Перед самой выпиской Иван получил от тети Вари еще одно письмо. Соседка писала, что отец в Ленинграде в составе какой-то комиссии ездил на передовую и погиб, попав под неожиданный и сильный минометный обстрел. Известие это принес в дом военный, «видимо, начальник – полушубок добротный». Он спрашивал мать, а ее незадолго до этого увезли все-таки в клинику, и что с ней сейчас, она не знает. Квартира пока пустует, но ключи у нее есть, и, если что надо, пусть Ванюшенька (именно так она писала ему, тому, которого раньше иначе как паразитом и охламоном не называла) накажет. Квартира ведомственная, и мало ли кого могут заселить, хотя Москва сейчас, «как вымерла, не отошла еще».

«Заберите, пожалуйста, папины часы с фигурами и фотографии, – написал ей Иван. – Больше ничего не надо! Когда мама поправится, верните. Если с ней и со мною что случится, то пусть у вас совсем останутся».

Мир его семьи разрушился стремительно и безвозвратно. Он даже не мог вспомнить момент, когда они были все вместе в последний раз. В армию по призыву он уходил без особых проводов, буднично, как на работу, потому что отец был в очередной командировке, а мать болела. Иван поцеловал ее, сказал Соне «пока» и ушел, радуясь переменам, не зная, что никогда больше никого из них не увидит. И только часы, единственный артефакт того мира, остались целыми.

Иван Петрович любил их солидный спокойный шаг, совсем не похожий на птичье сердцебиение современных ходиков. Считал эту тяжелую поступь времени, когда пытался бороться с бессонницей, дивился, сколько же отбили часы этих полновесных ударов с тех пор, когда он с Соней разглядывал их? А последнее время взяла и уже не отпускала его мысль после того, как прочел в газете, что если каждому погибшему на той войне отмерить жизни всего лишь секунду, на один удар сердца, то целый год можно будет вести этот счет.
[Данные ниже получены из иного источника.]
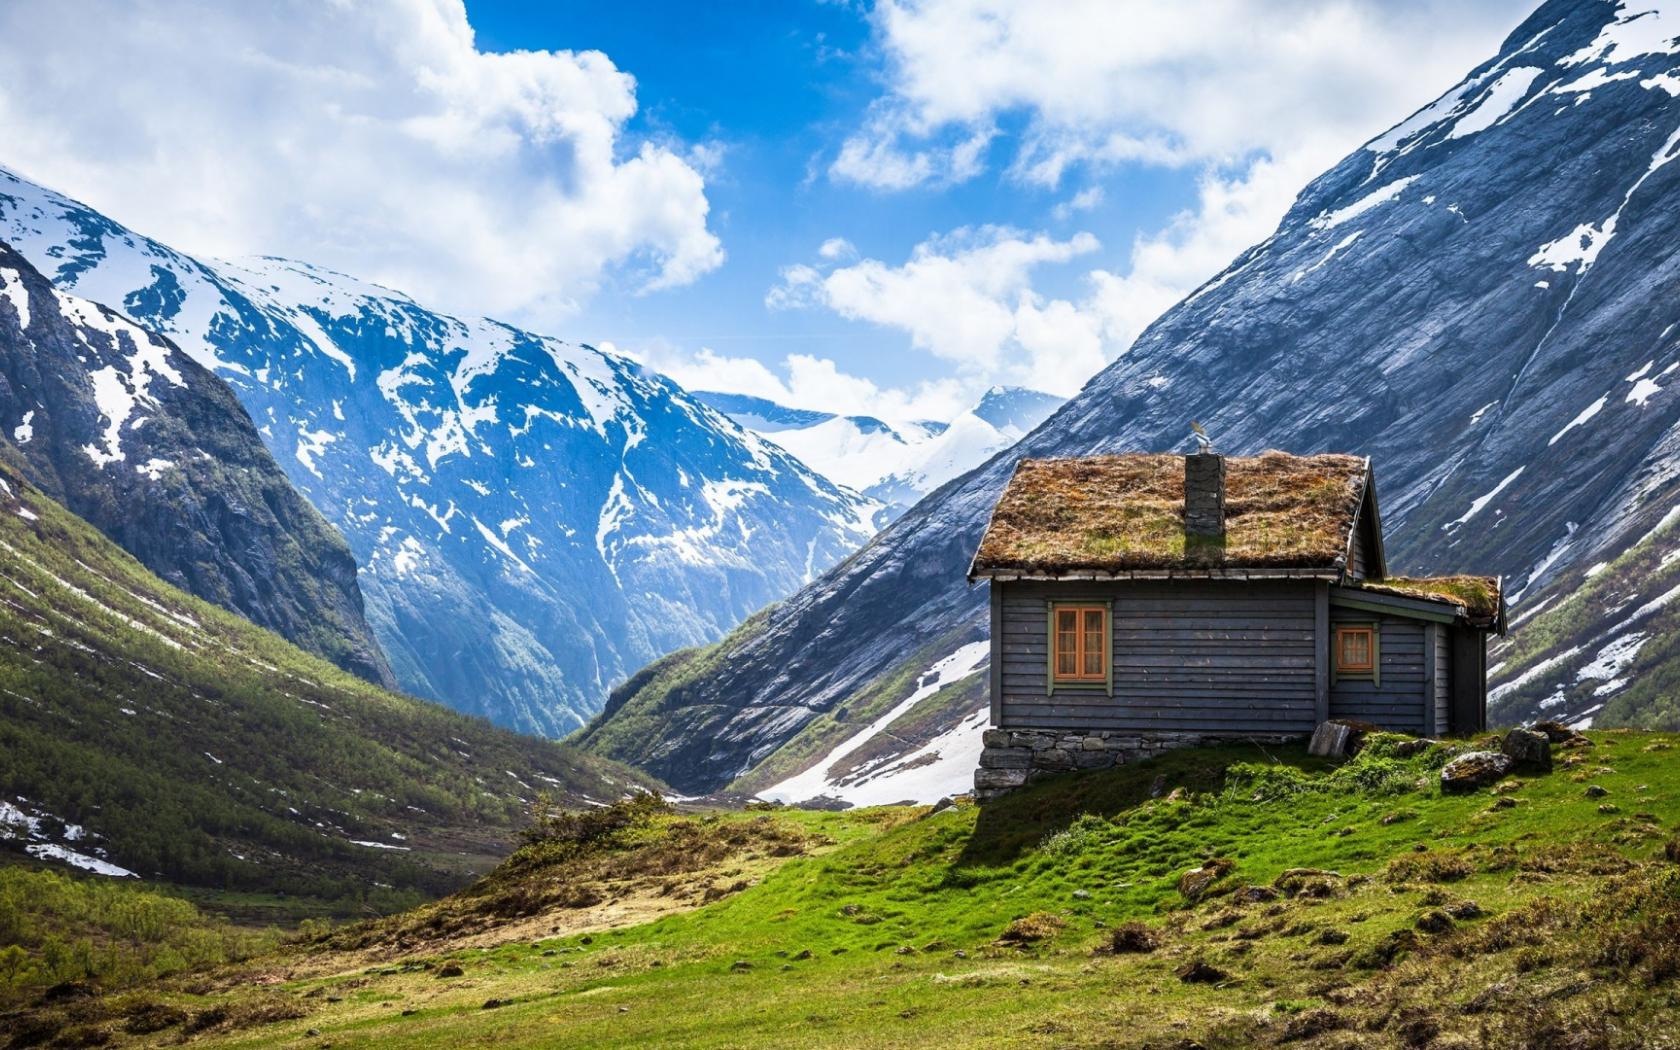 Free Download Wallpaper 1920x1080 Mountain Lodge Top Snow Full Hd
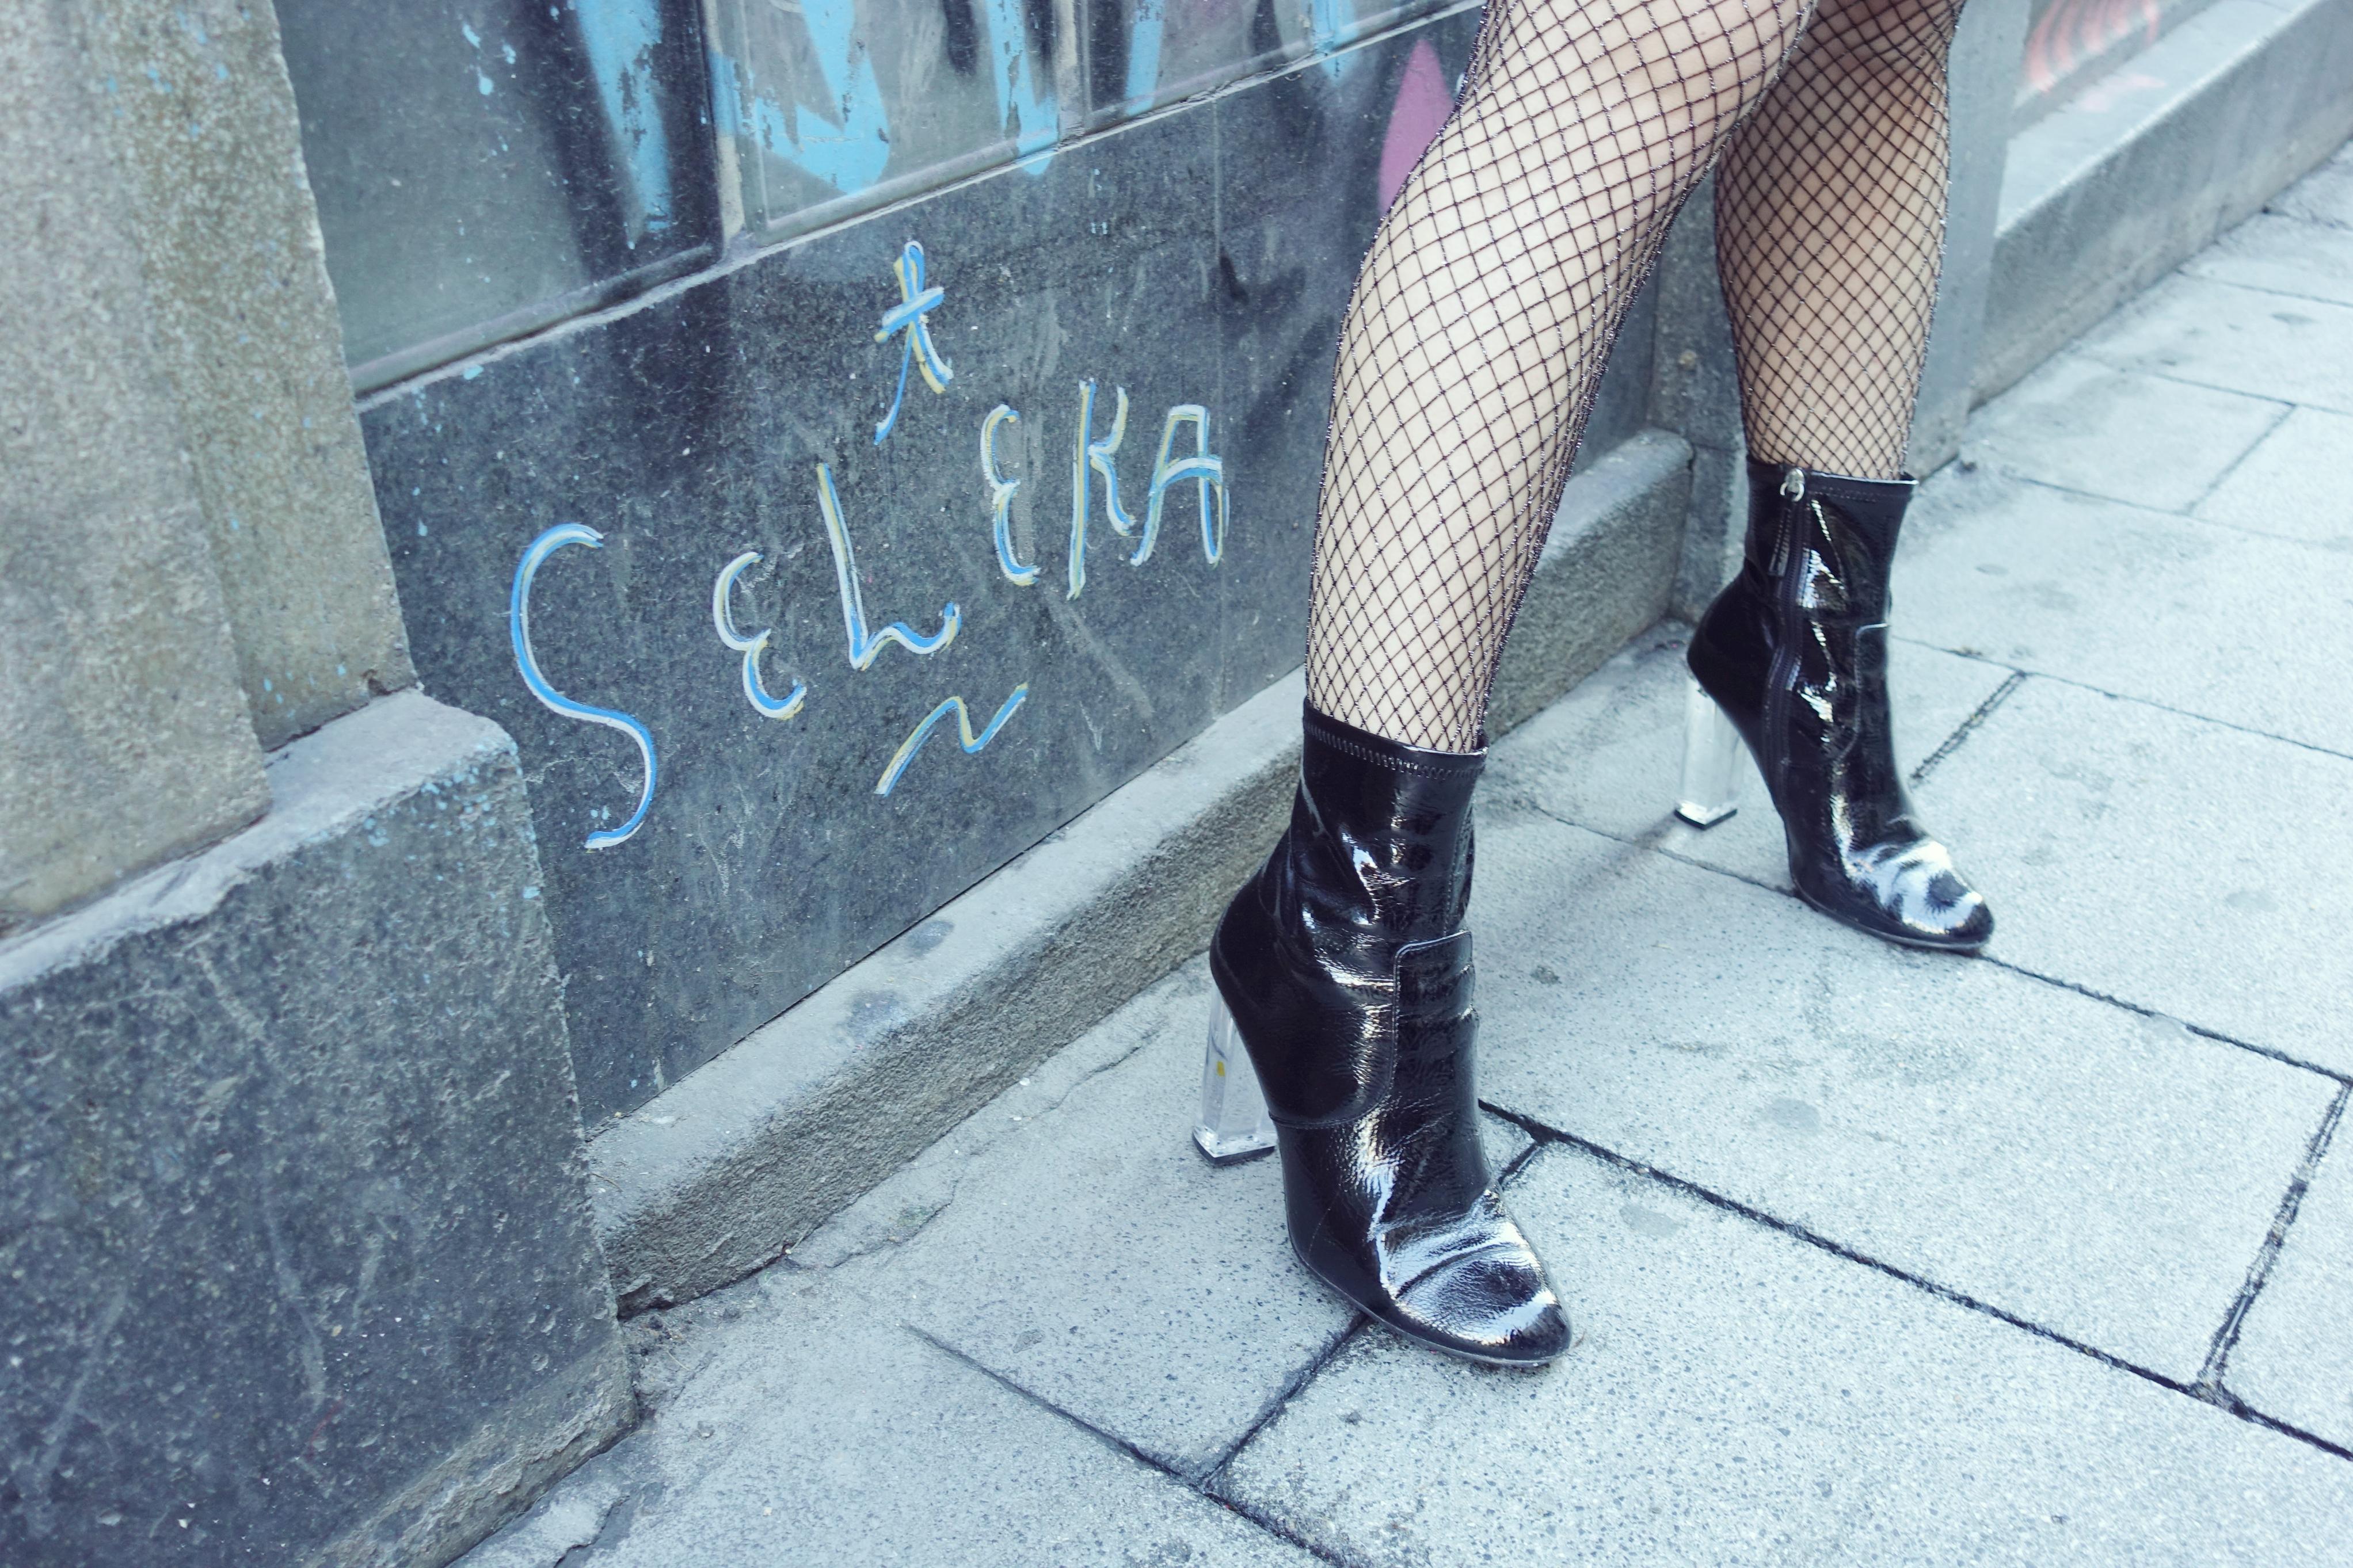 stevemadden-boties-blog-de-moda-Chicadicta-influencer-PiensaenChic-fashionista-botines-negros-Chic-adicta-madrid-fashion-Piensa-en-Chic

Пить, есть, спать, гулять, а счет будет идти, не прекращаясь. И Соня, и отец, и мать тоже мелькнут в нем и уйдут, не задерживаясь. Разве что в глаза взглянуть времени хватит…

От подобных мыслей, почти всегда неминуемых, Иван Петрович поднимался с кровати и начинал ходить по комнате. Ставил на подоконник тяжелую мраморную пепельницу, курил в окно, пытался занять себя ночными программами по телевизору или радиоприемнику… И не права была Люда – никого он специально не хотел тревожить.